Monday, May 7, 2012

I can and I will

The last few weeks have seen some big changes in my diet. I did "mostly" well, with a little cheating here and there. The good news is I'm already feeling better. I've lost 4 lbs, but more importantly, my fat mass has gone down and my muscle mass has gone up. Just what I like to hear.

What don't I like to hear? "You're going to be much more strict for the next 30 days". Really. Enter my old friend skepticism. I will definitely try. More than try. I will offer a valiant effort.

No more corn. Didn't really like that news. No more wine. I liked that even less. No more coffee. Not even decaf. No more chocolate. **silence** Can you repeat that? I didn't understand. We compromised on a small piece of dark chocolate when I am craving it.

I went out and had one last hurrah tonight with a friend. Didn't go too crazy; corn chips and a glass of wine with my otherwise healthy dinner. I might need to make a bowl of popcorn tonight and spend a moment saying goodbye to the only substitute I had left for chips.

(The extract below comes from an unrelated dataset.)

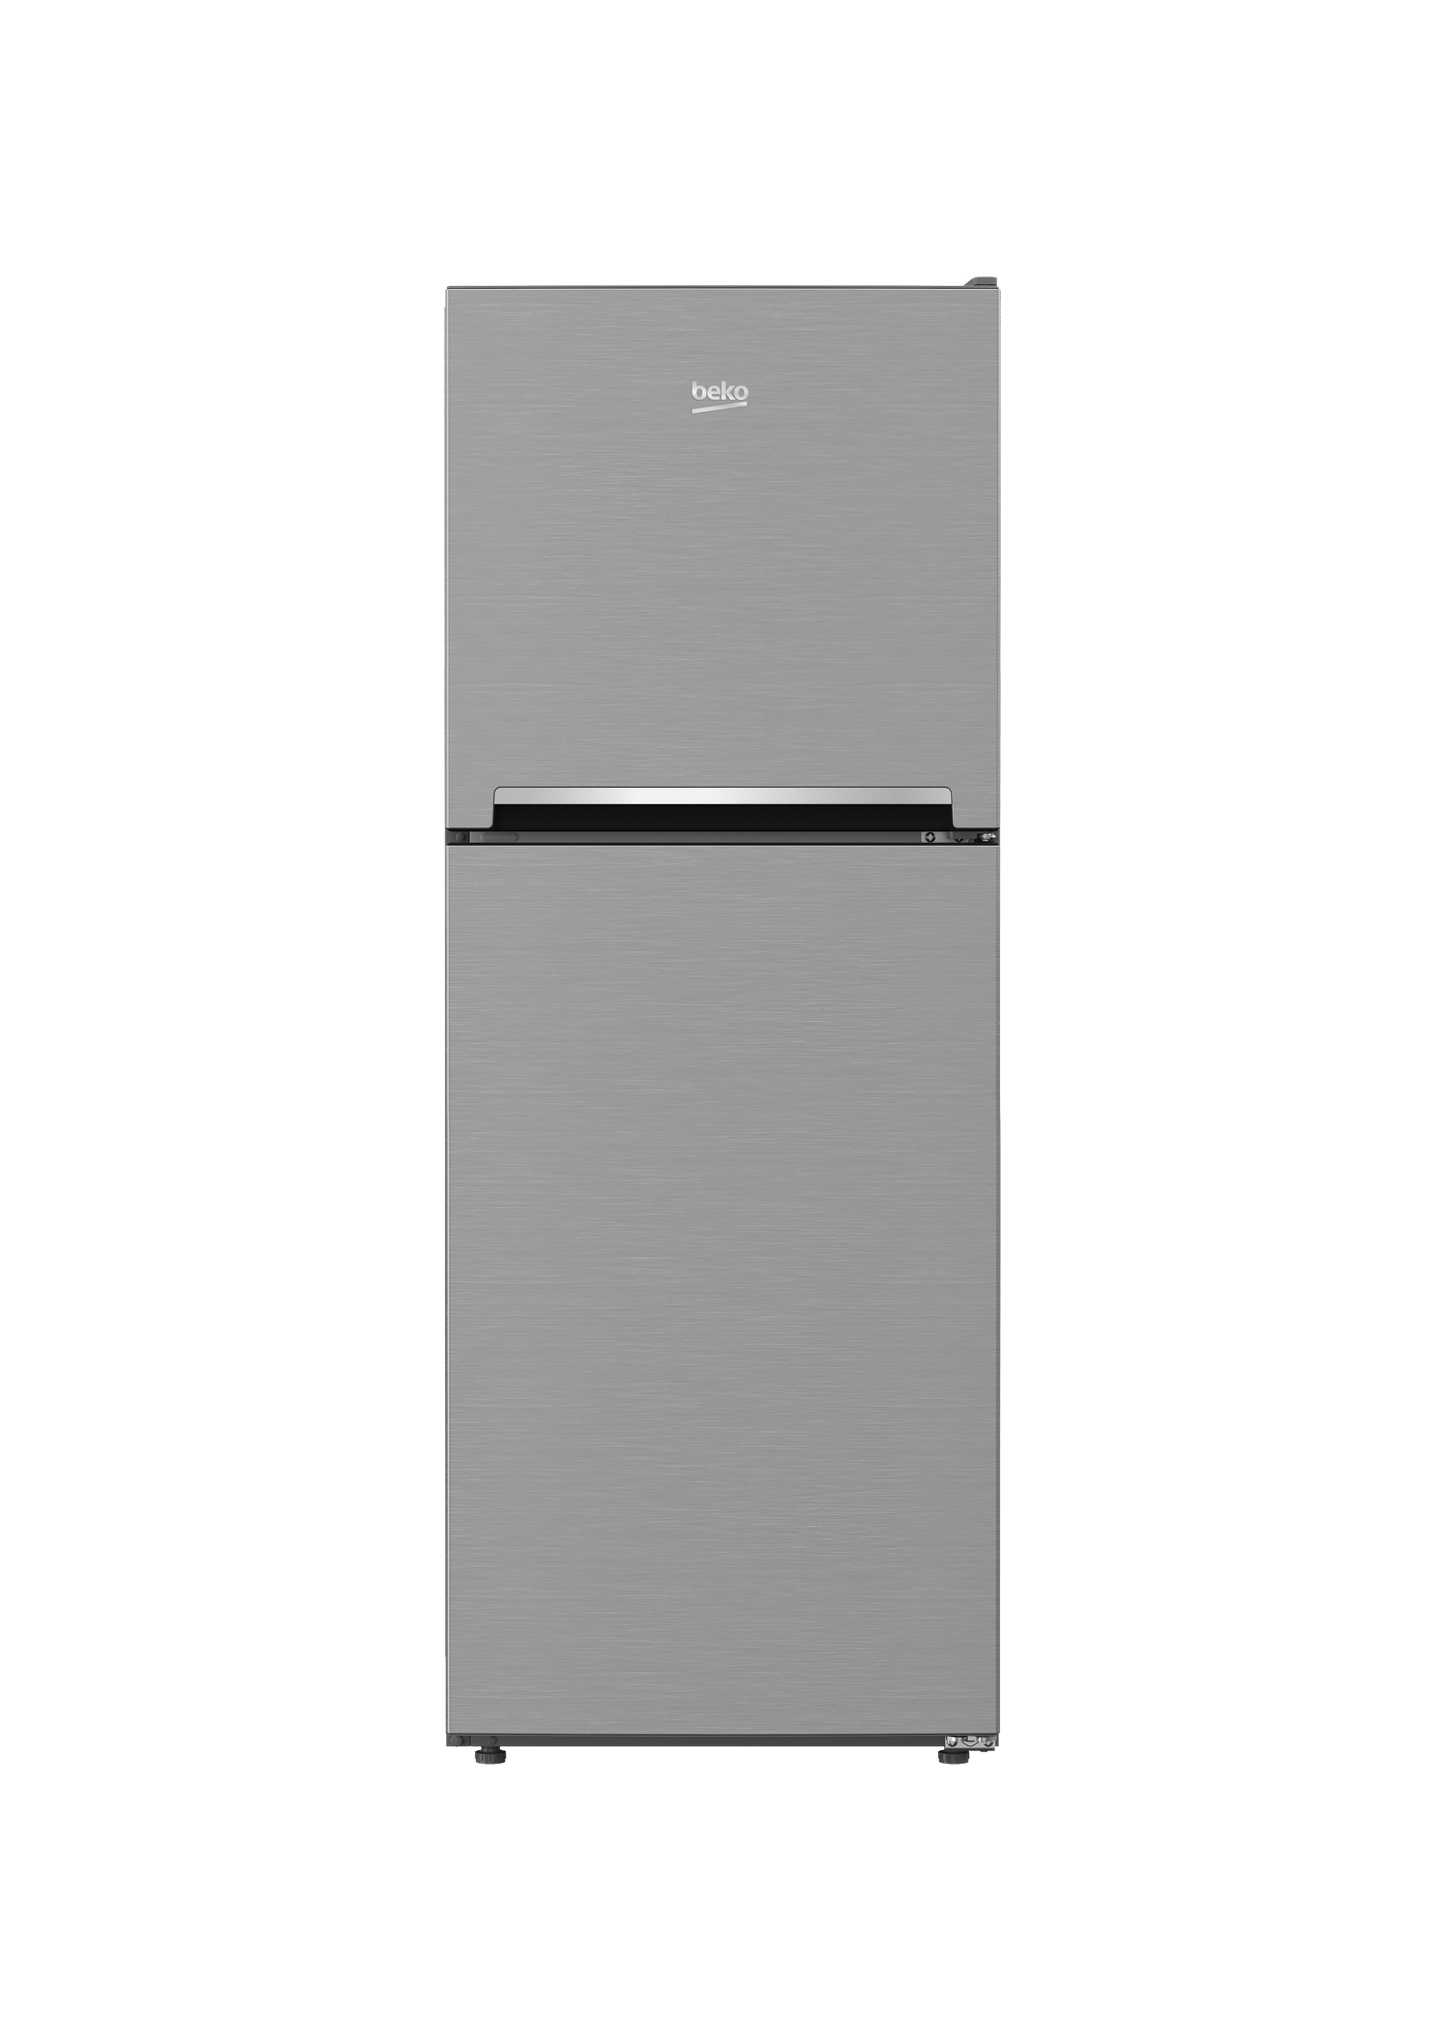 Beko RDNT271I20P 271 litres Top Freezer Refrigerator

I am trying to focus on the positive. I am feeling distinctly healthier than I was 3 weeks ago. And I've eased myself into the "no complex carbs" rule so, learning to obey the rules daily shouldn't be so horrible. I had bread for the first time in weeks because I was starving and it was the only thing to be had. I felt awful the next day, so there is some wisdom to this diet. Also, she took some blood for the food sensitivity testing. I am actually quite curious to see the results of that. She attempted acupuncture... I had to ask her to stop. It was awful and my shoulder hurt for the next hour.

Getting back to good is going to be far from painless. But I can and will do it. Right now, in this moment, I am making that promise to myself. I can. I will.

1 comment:

  1. Sorry Dear, late to the party to realise that you posted more.

    I congratulate you for trying again and again. Dont give up on it. Each attempt does improve your overall well being.